42. The method of claim 1 for the use in determining a subject's disease state using machine learning techniques for the analysis of nucleosome spacing in genomic regions of interest, the method comprising:
(a) determining the distributions of frequencies of cfDNA distances based on claim 1;
(b) creating a machine learning model based on techniques such as linear regression, logistic regression, support vector machines (SVM), convolutional neural networks (CNN), or deep learning, wherein the distribution of cfDNA distances or a set of variables derived from it, such as the locations of some of the peaks of the said distribution, is represented as a vector characterising each cfDNA sample;
(c) training the said machine learning model using the frequency distributions of cfDNA distances or a set of variables derived from the said distribution of cfDNA distances for one or more healthy and diseased conditions; and
(d) performing the classification of a given subject using the distribution of cfDNA distances or a set of variables derived from the said distribution using the said machine learning model.
43. The method of claim 1 for the use in determining a subject's disease state using Fourier transform (FT), discrete Fourier transform (DFT), fast Fourier transform (FFT) or other Fourier transform-based algorithms for the analysis of nucleosome spacing genome-wide or in genomic regions of interest, the method comprising:
(a) determining one or more pronounced frequencies of the Fourier transform-based transformation of the distribution of nucleosome spacing for a subject in at least one timepoint;
(b) computing the corresponding NRL values as the values inverse to the said frequencies, and
(c) comparing the determined values of said NRLs to at least one set of reference NRL values;
wherein a time-dependent change of the Fourier transform-based transformation amplitudes associated with said frequencies and NRL values indicates a presence or absence of a disease or a specific state of healthy functioning.
44. The method of claim 43, wherein NRL values with the largest peaks of Fourier-transform amplitude for cfDNA from healthy people are about 200 bp and about 182 bp, and Fourier transform-based NRL value for cfDNA from breast cancer patients is about 182 bp (lacking the NRL value around 200 bp in the case of cancer).

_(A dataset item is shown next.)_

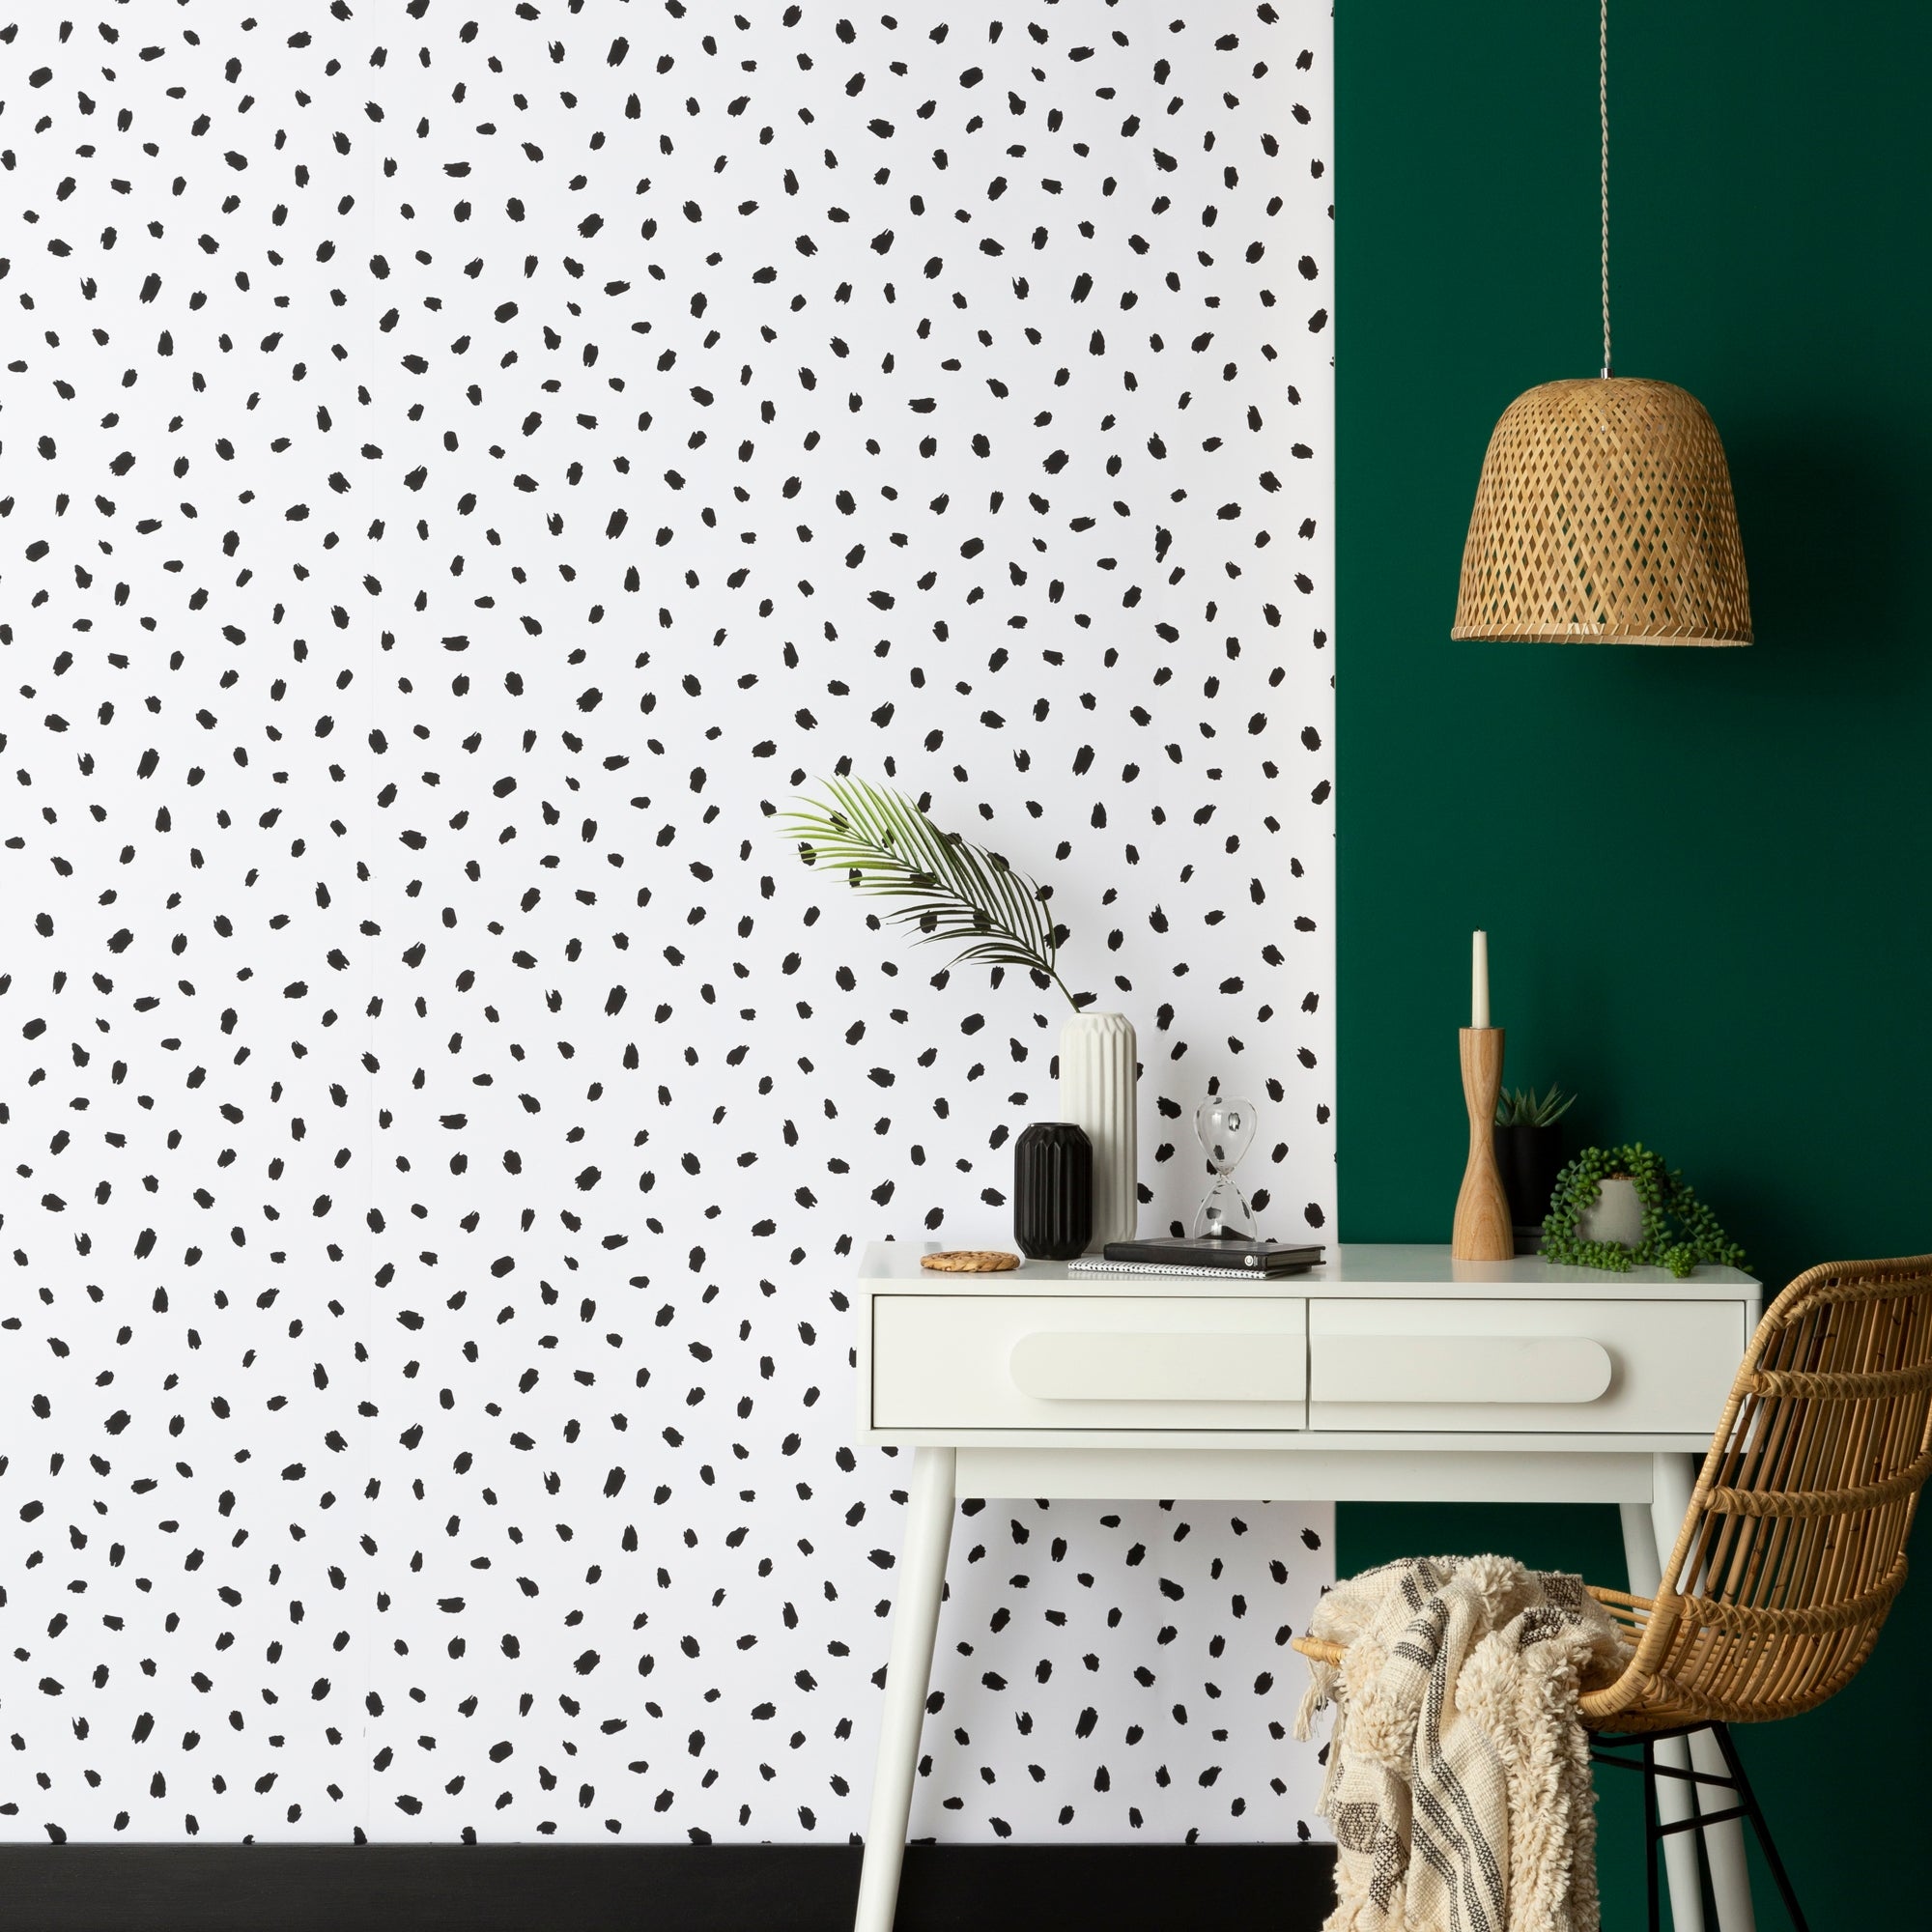 Speckles wallpaper in monochrome

45. The method of claim 31, wherein the sets of reference NRL values and frequency distributions of cfDNA distances are from:
(i) a healthy cohort;
(ii) a diseased cohort;
(iii) cohorts of people with different ages;
(iv) cohorts of people with different ethnicities;
(v) cohorts of people with different weight or body mass index (BMI);
(vi) cohorts of people with different lifestyle; and/or
(vii) cohorts of people with different diet.
46. The method of claim 31, wherein the disease is cancer and/or the specific state of healthy functioning is characterised by person's age, BMI, lifestyle or diet.